Reserve `.apply()` for cases where you need to transform the value or embed it in a string. Passing a resource ID directly never requires `.apply()`.

## Debugging state mismatches

### Checking what Pulumi has recorded for a resource

After a deploy, you can inspect a resource's recorded URN and ID using `pulumi stack`:

```bash
pulumi stack --show-urns
```

Or query the state file directly:

```bash
pulumi stack export | python3 -c "import sys,json; [print(r['urn'], r.get('id','')) for r in json.load(sys.stdin)['deployment']['resources']]"
```

### A resource is being replaced unexpectedly

If Pulumi creates a new resource and deletes the old one when you expected an in-place update, the most common cause is that the logical name, parent, or type changed — any of which changes the URN and forces a replacement. Check whether you unintentionally:

- Changed the first constructor argument (logical name).
- Moved the resource inside or outside a component.
- Changed the resource type.

Use [`aliases`](/docs/iac/concepts/resources/options/aliases/) to preserve the old URN when you need to refactor without replacing resources.

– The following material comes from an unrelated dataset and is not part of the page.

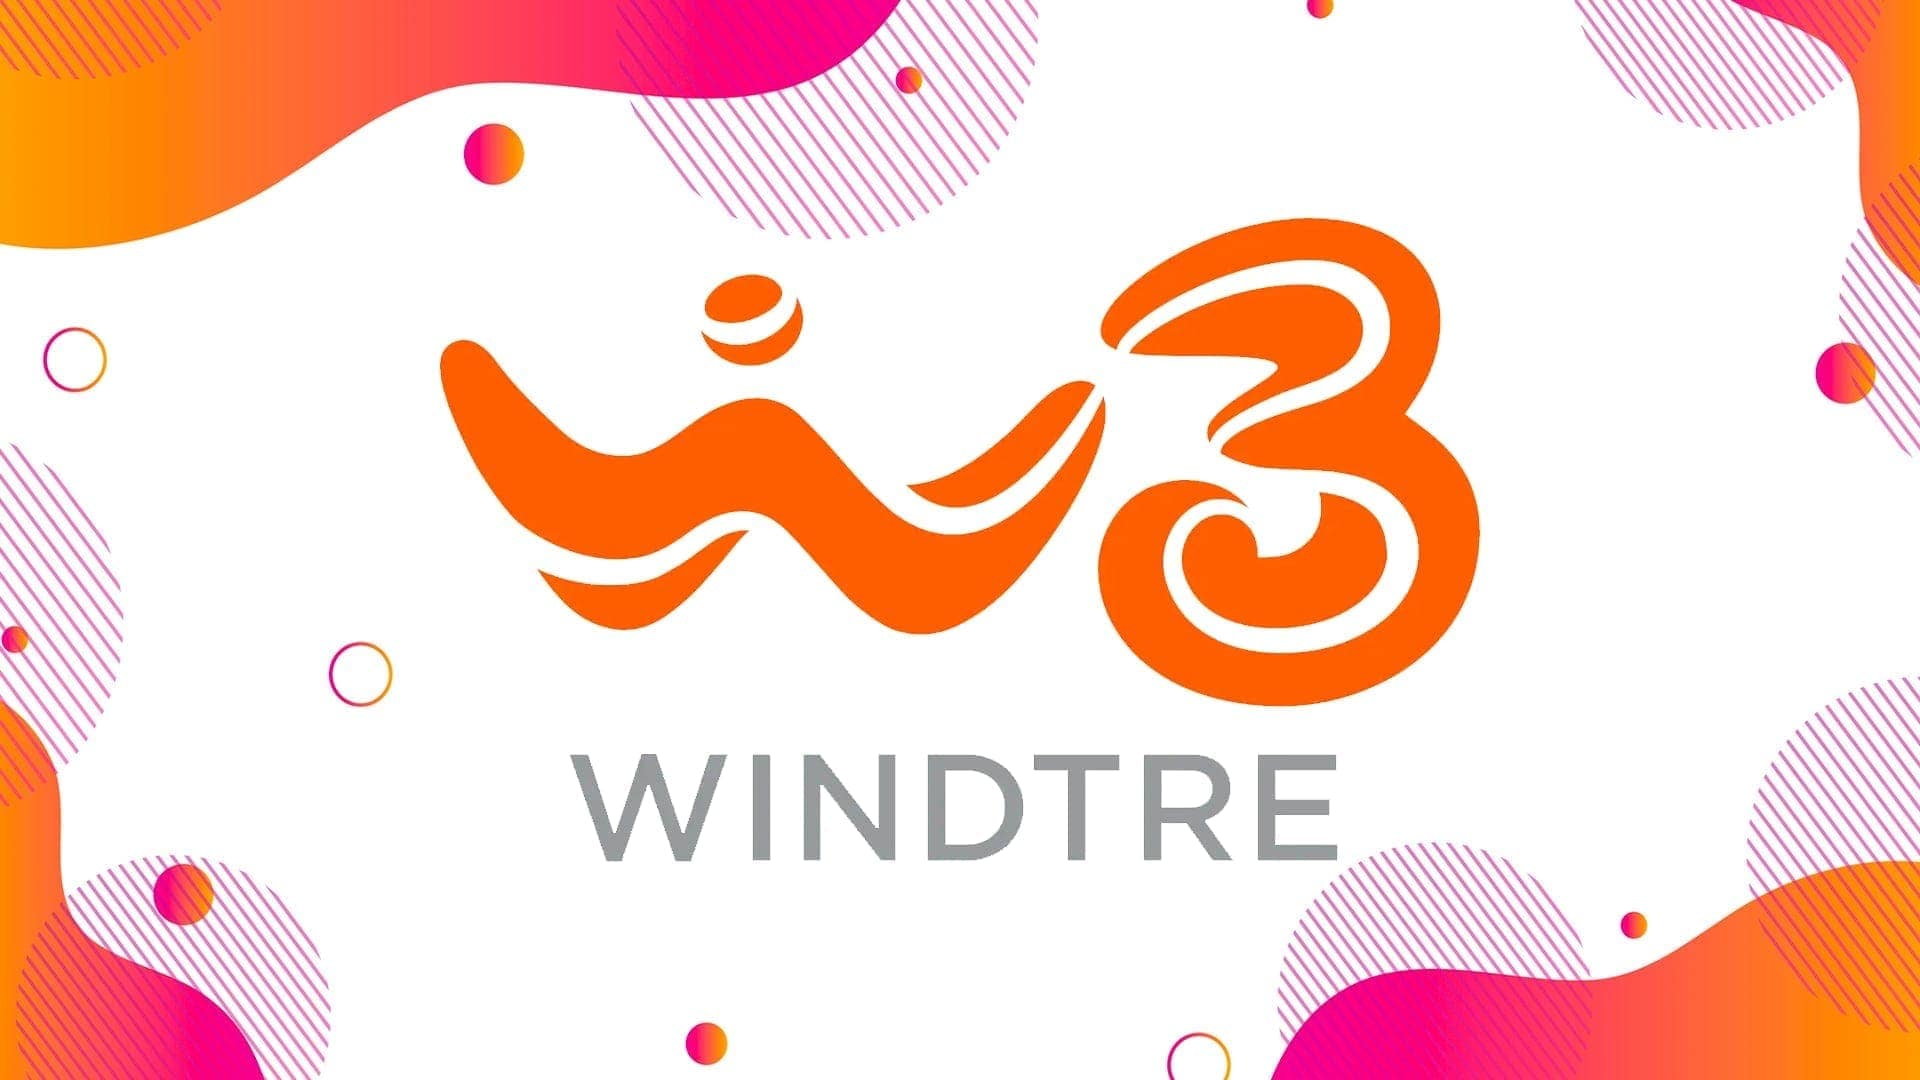 Windre offers 5G to some of its customers: Are you there too?

### `get()` returns stale state

The `.get()` static method reads the resource's current state from the cloud provider, not from the Pulumi state file. If the Pulumi state file and the provider are out of sync, use `pulumi refresh` to reconcile them before calling `.get()`.

### `import` fails with "resource already exists"

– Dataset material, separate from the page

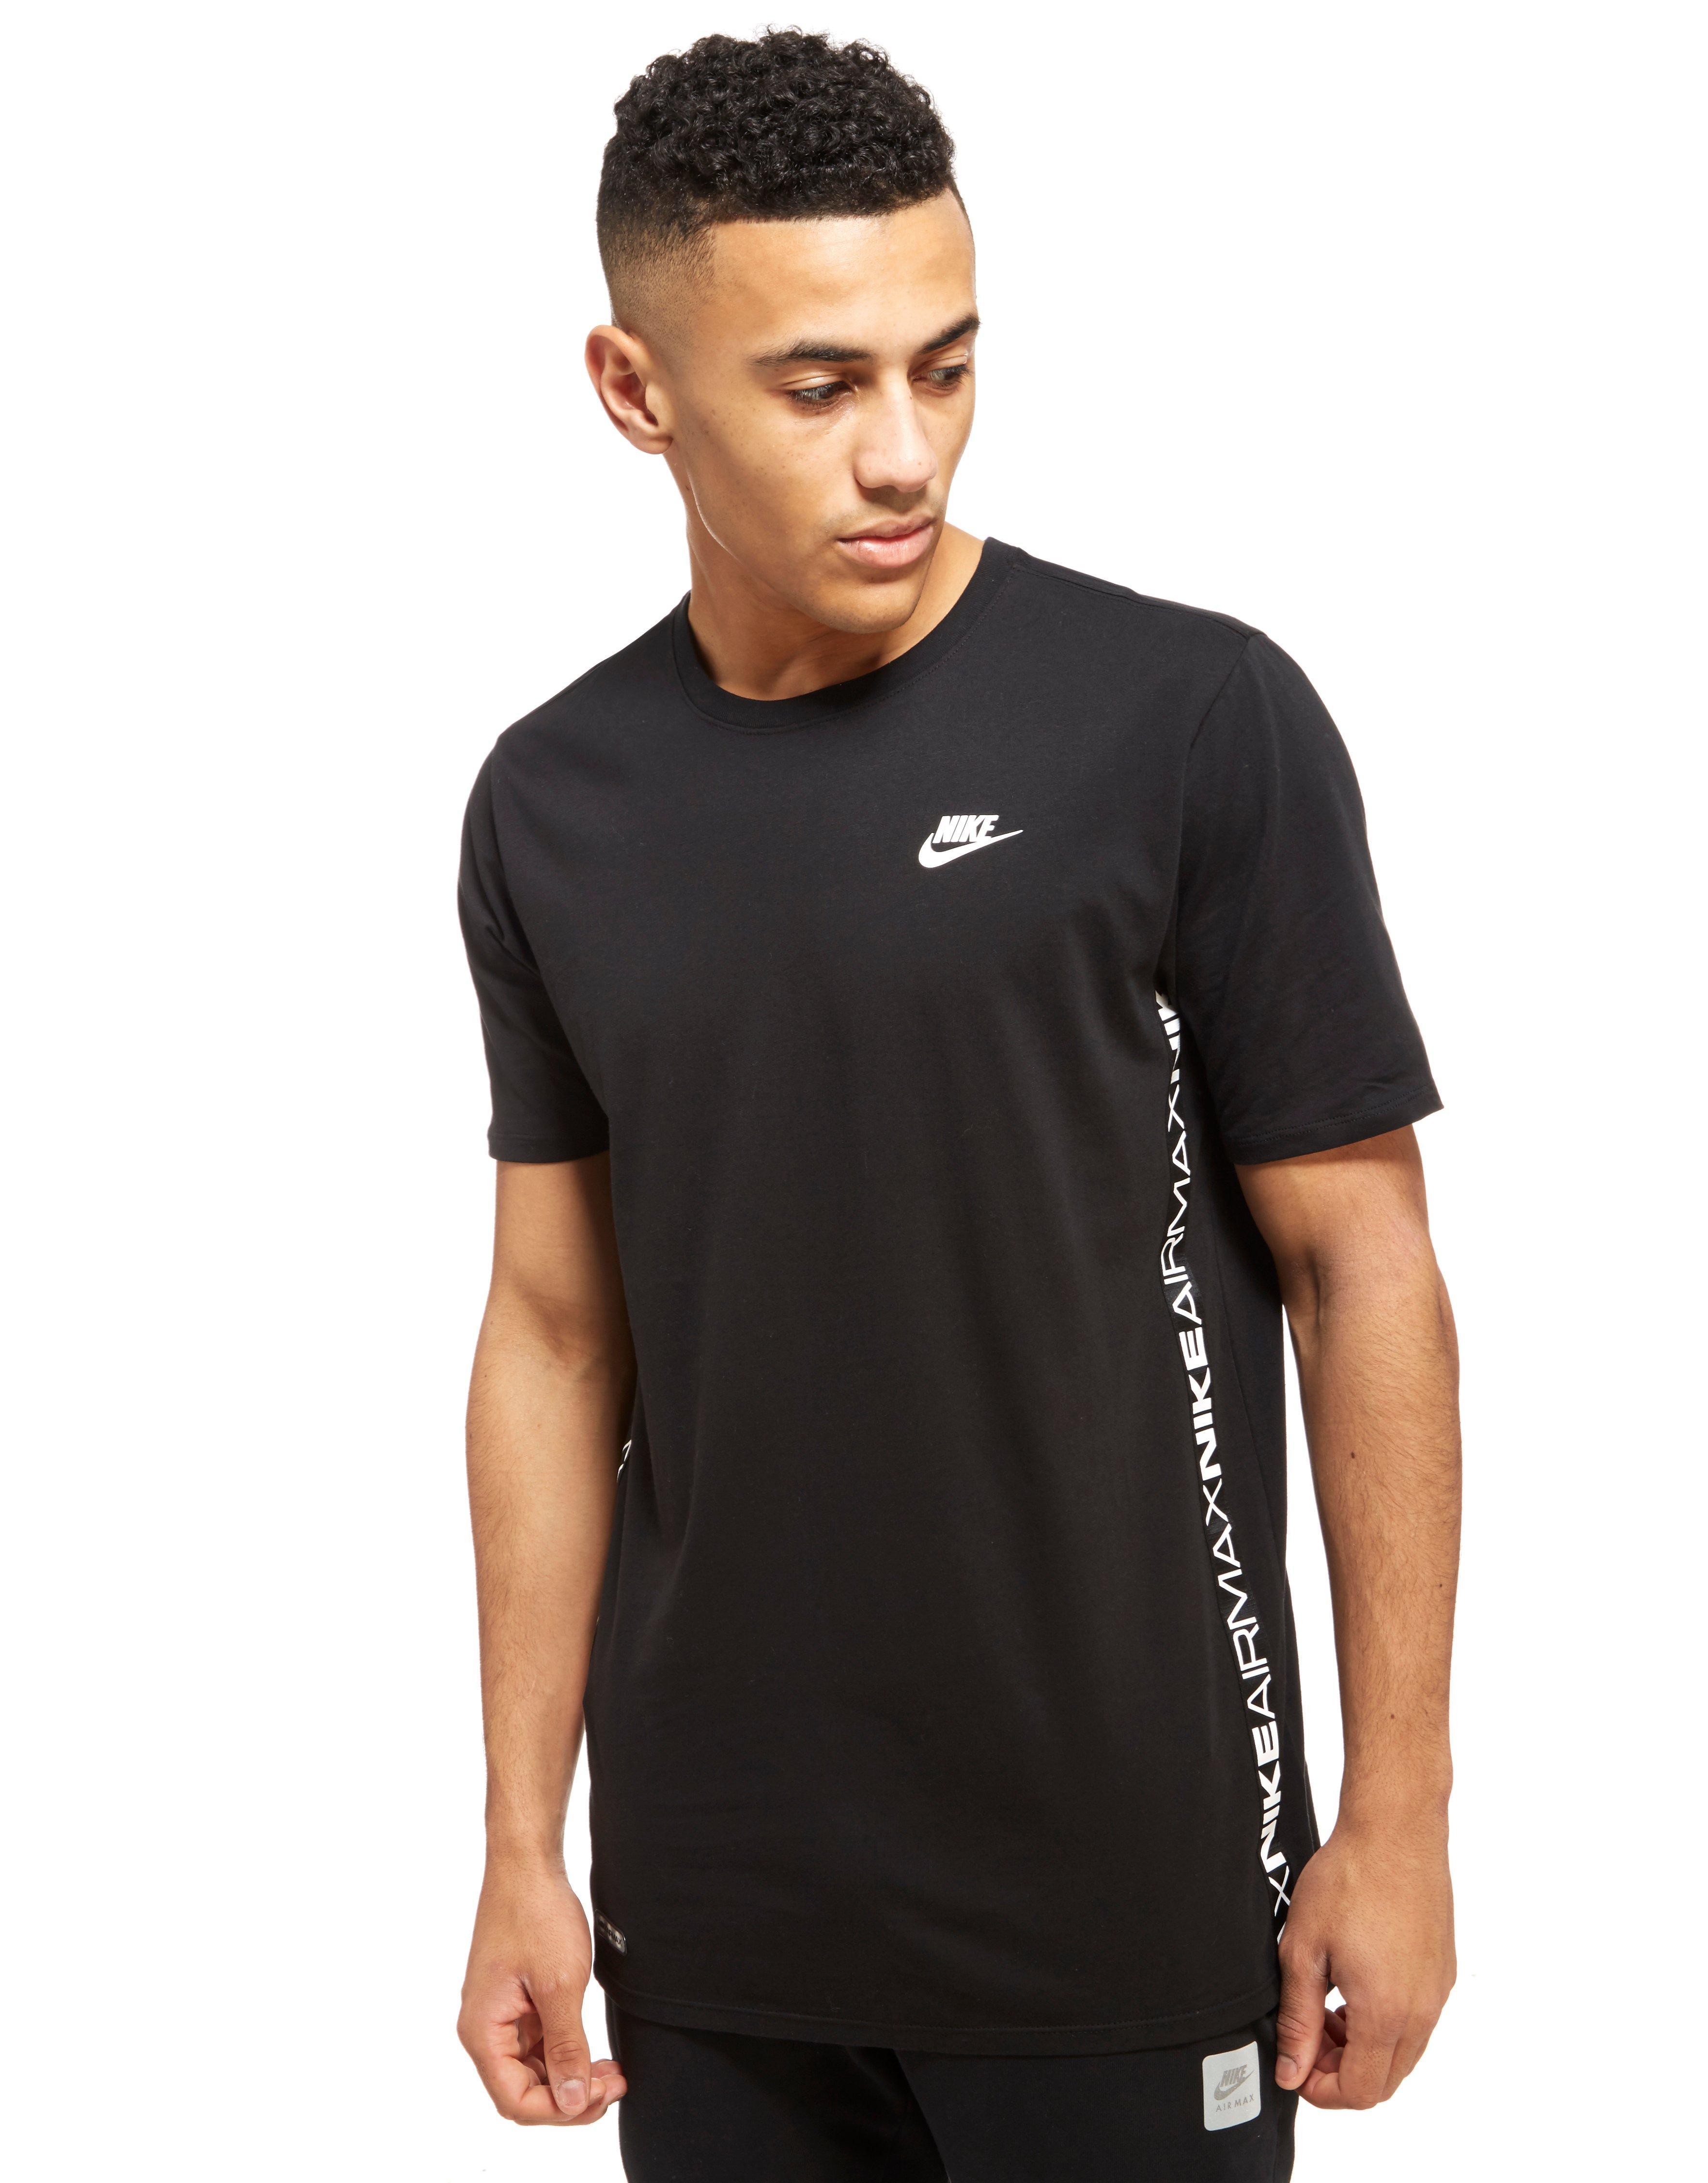 Nike Cotton Air Max Tape T-shirt in Black for Men - Lyst

When using `import` via `ResourceOptions(import_=...)`, if Pulumi says the resource already exists in the stack, you may already have a resource with the same logical name in state. Check `pulumi stack` to see if the resource is already tracked. If it is, remove the `import_` option — the resource is already managed.

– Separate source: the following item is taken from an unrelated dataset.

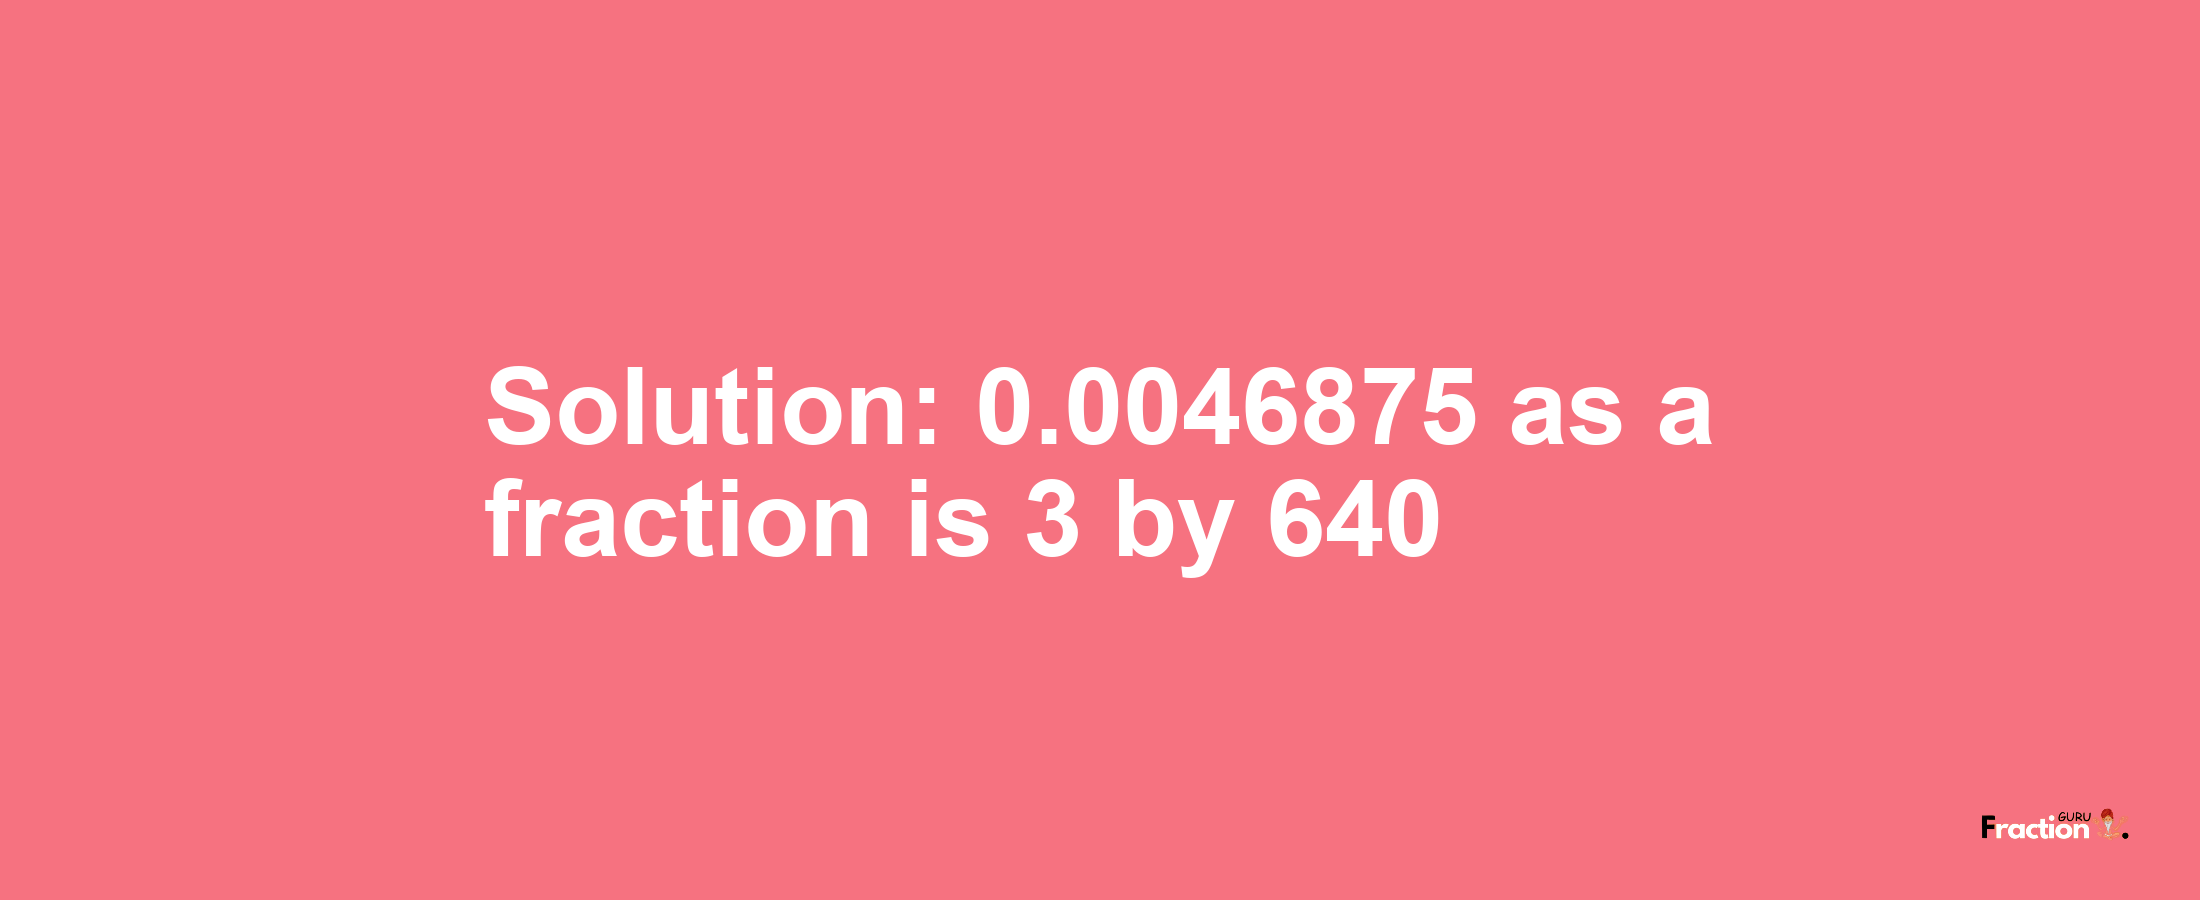 Solution:0.0046875 as a fraction is 3/640

## Quick reference: identity in Python

| What you need | Where to get it | Python expression |
|---|---|---|
| Logical name | Your code | The first argument you passed: `"main-vpc"` |
| Physical name | Provider output | `resource.name` (resource-specific; not all resources expose this) |
| Physical ID | Provider output | `resource.id` — always an `Output[str]` |
| URN | Pulumi output | `resource.urn` — always an `Output[str]` |
| Resource reference | Your program variable | `resource` (the variable itself) |

For the full conceptual explanation of these four identity forms and a cross-language reference table, see [Resource names and identity](/docs/iac/concepts/resources/names/).